== THE PROBLEM ==
Skip the pictures. Transcribe the rest of the data below without changing a word.

== MATERIAL PROVIDED ==
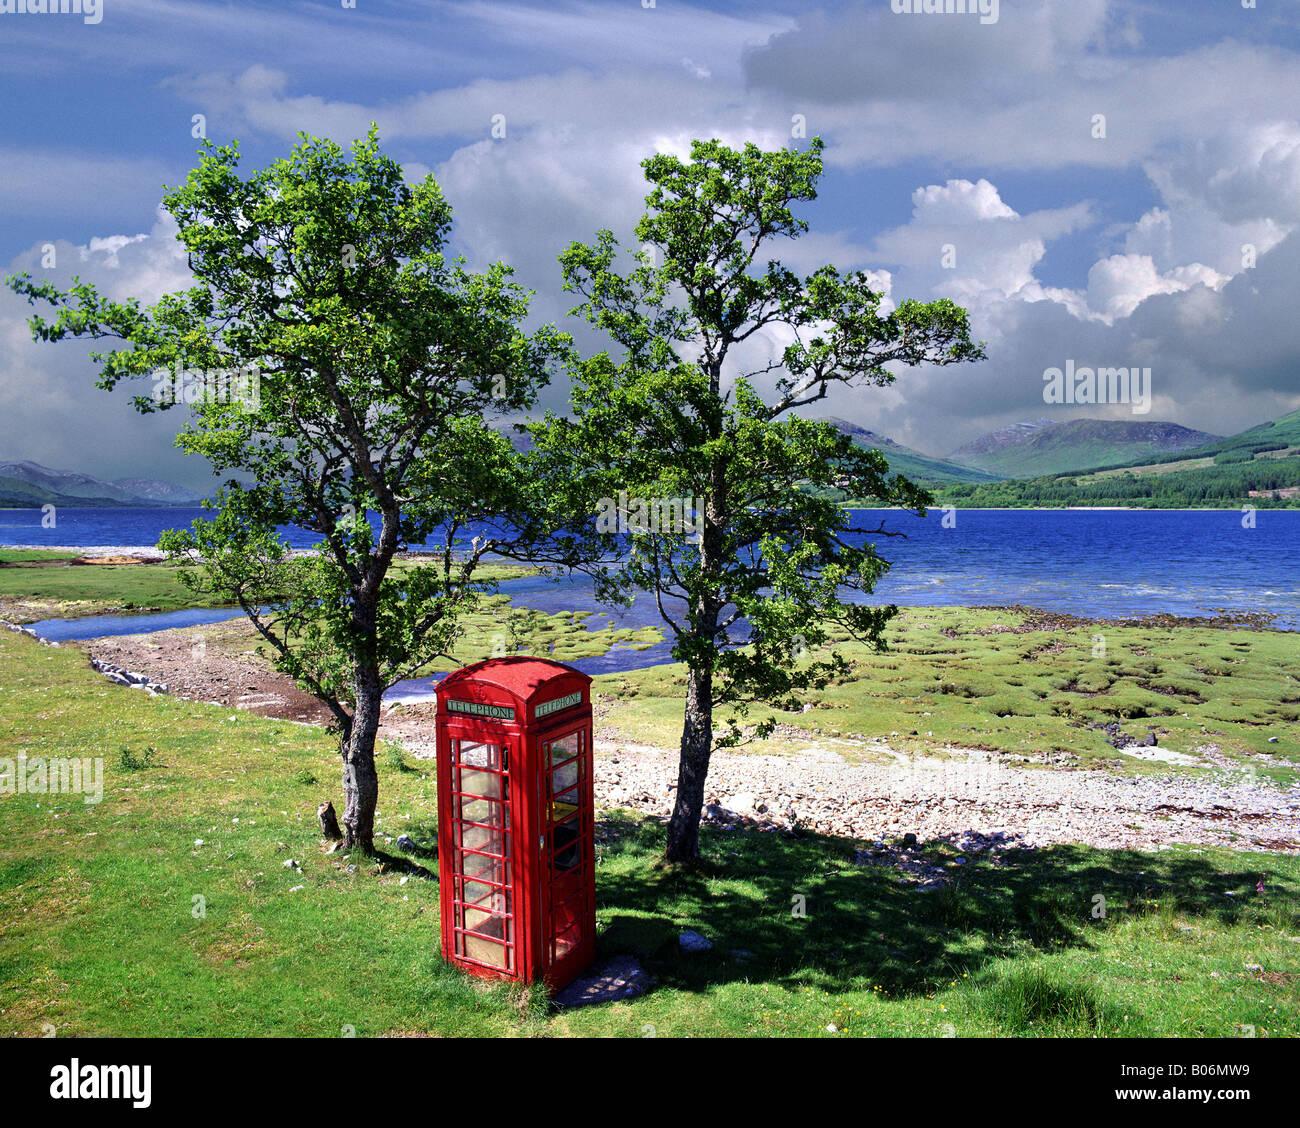 GB - SCOTLAND: Lone Telephone Box along Loch Eil - Stock Image
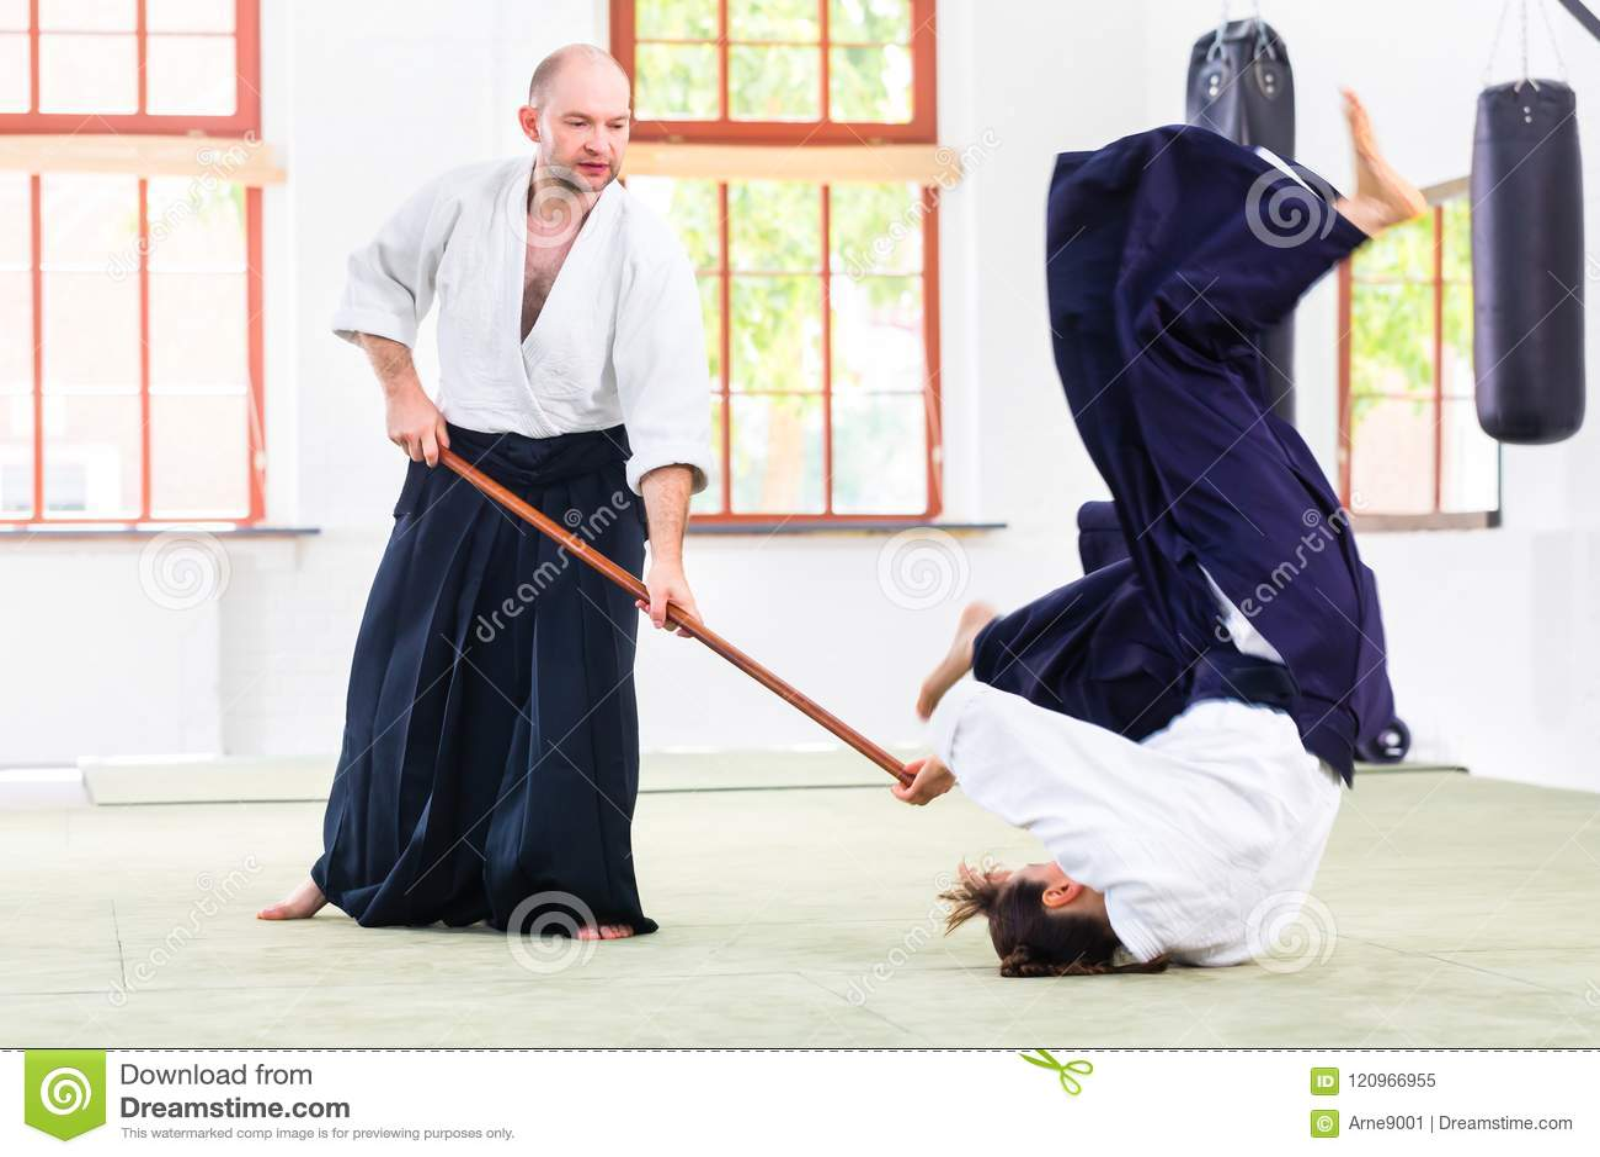 Man and woman having Aikido stick fight
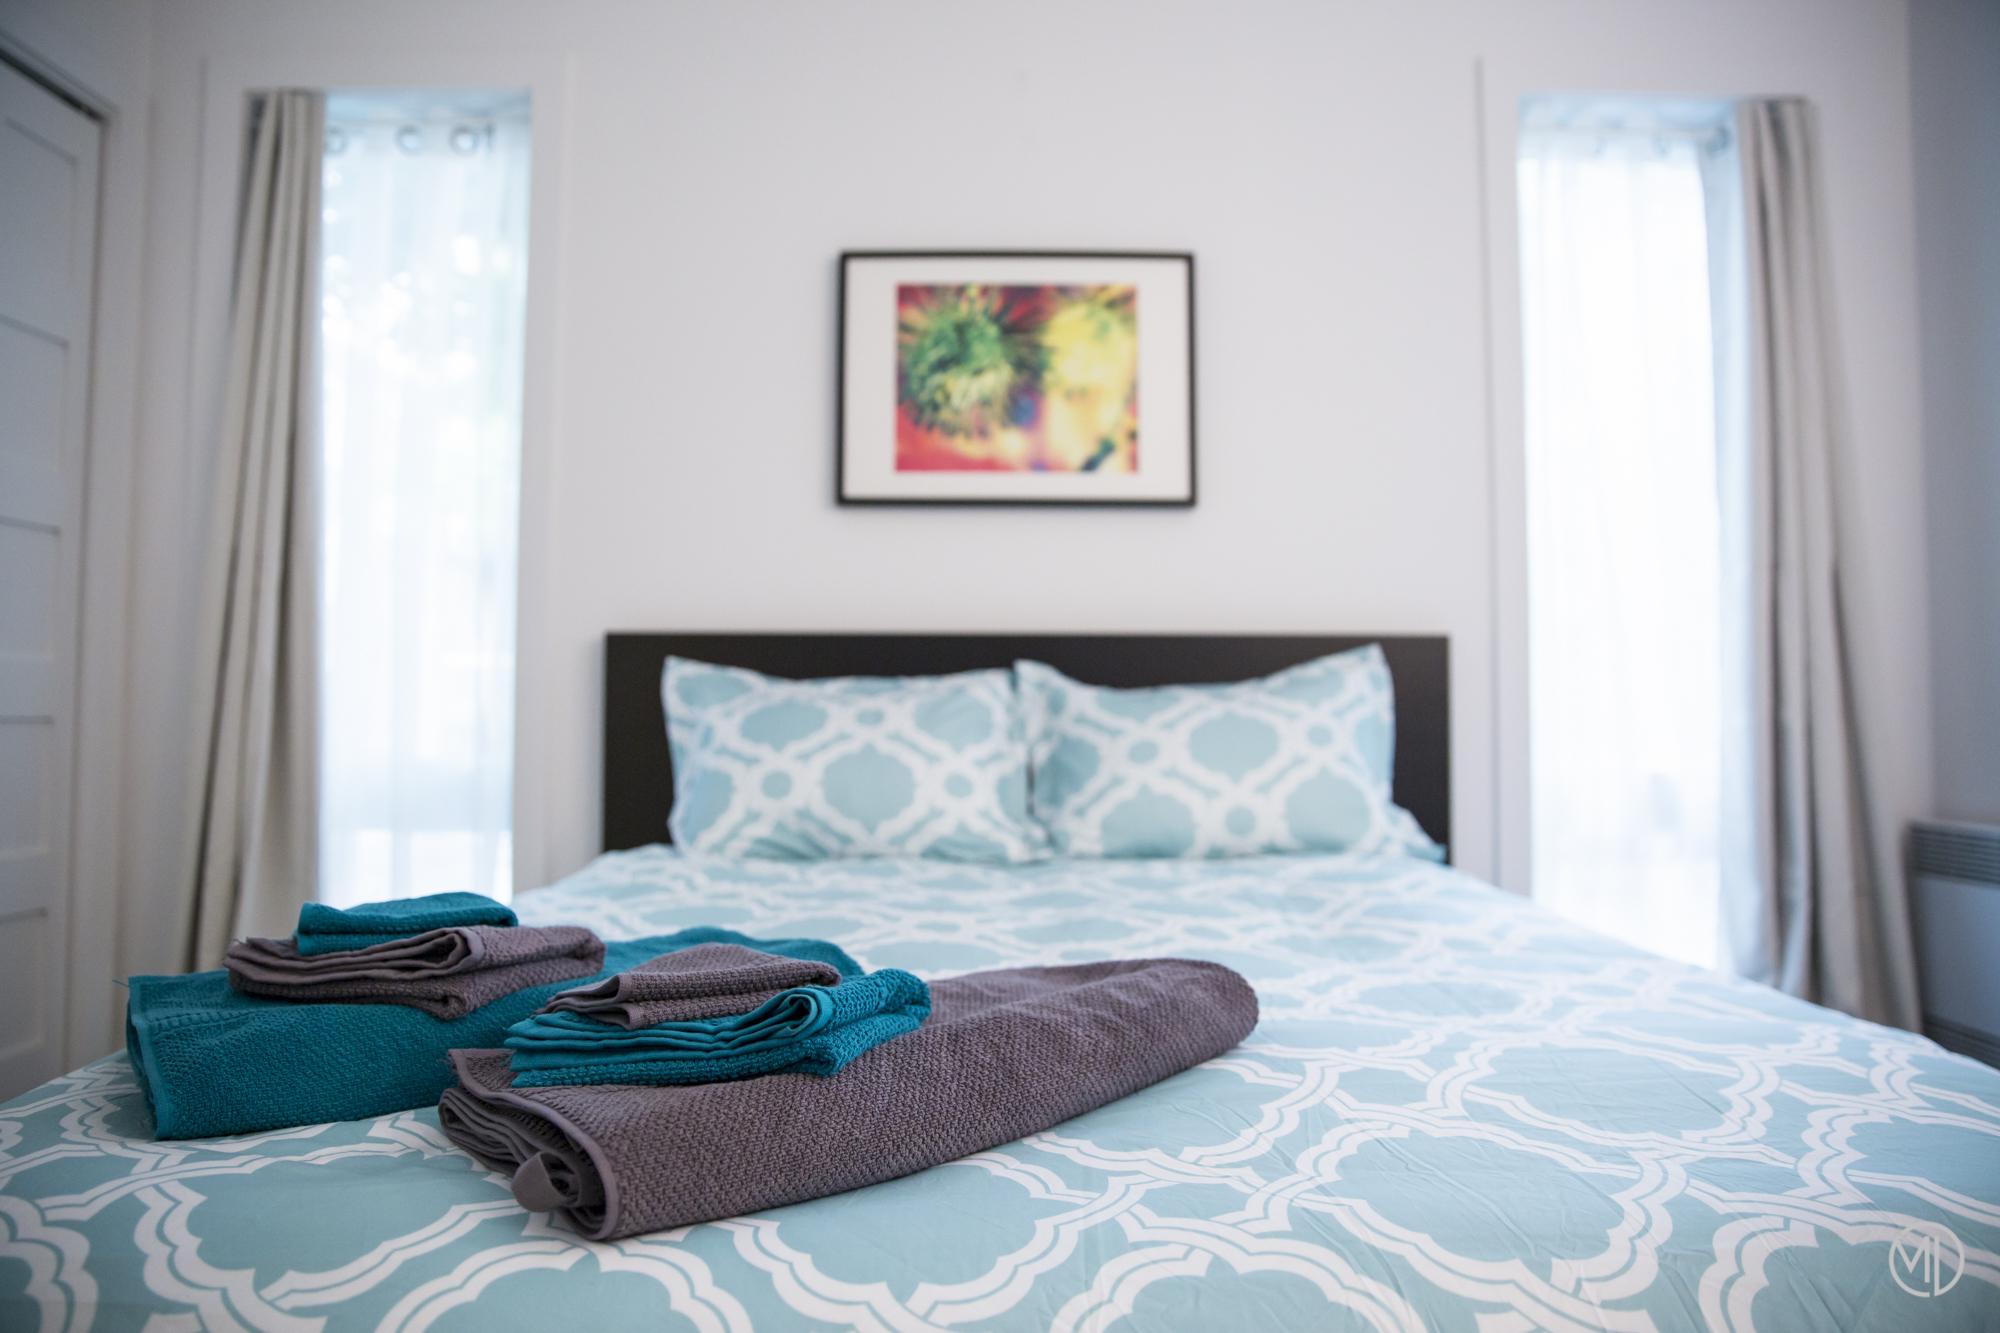 Airbnb chambre photos Montréal

== COMPLETED EXERCISE ==
 GB - SCOTLAND: Lone Telephone Box along Loch Eil - Stock Image
 Man and woman having Aikido stick fight
 Airbnb chambre photos Montréal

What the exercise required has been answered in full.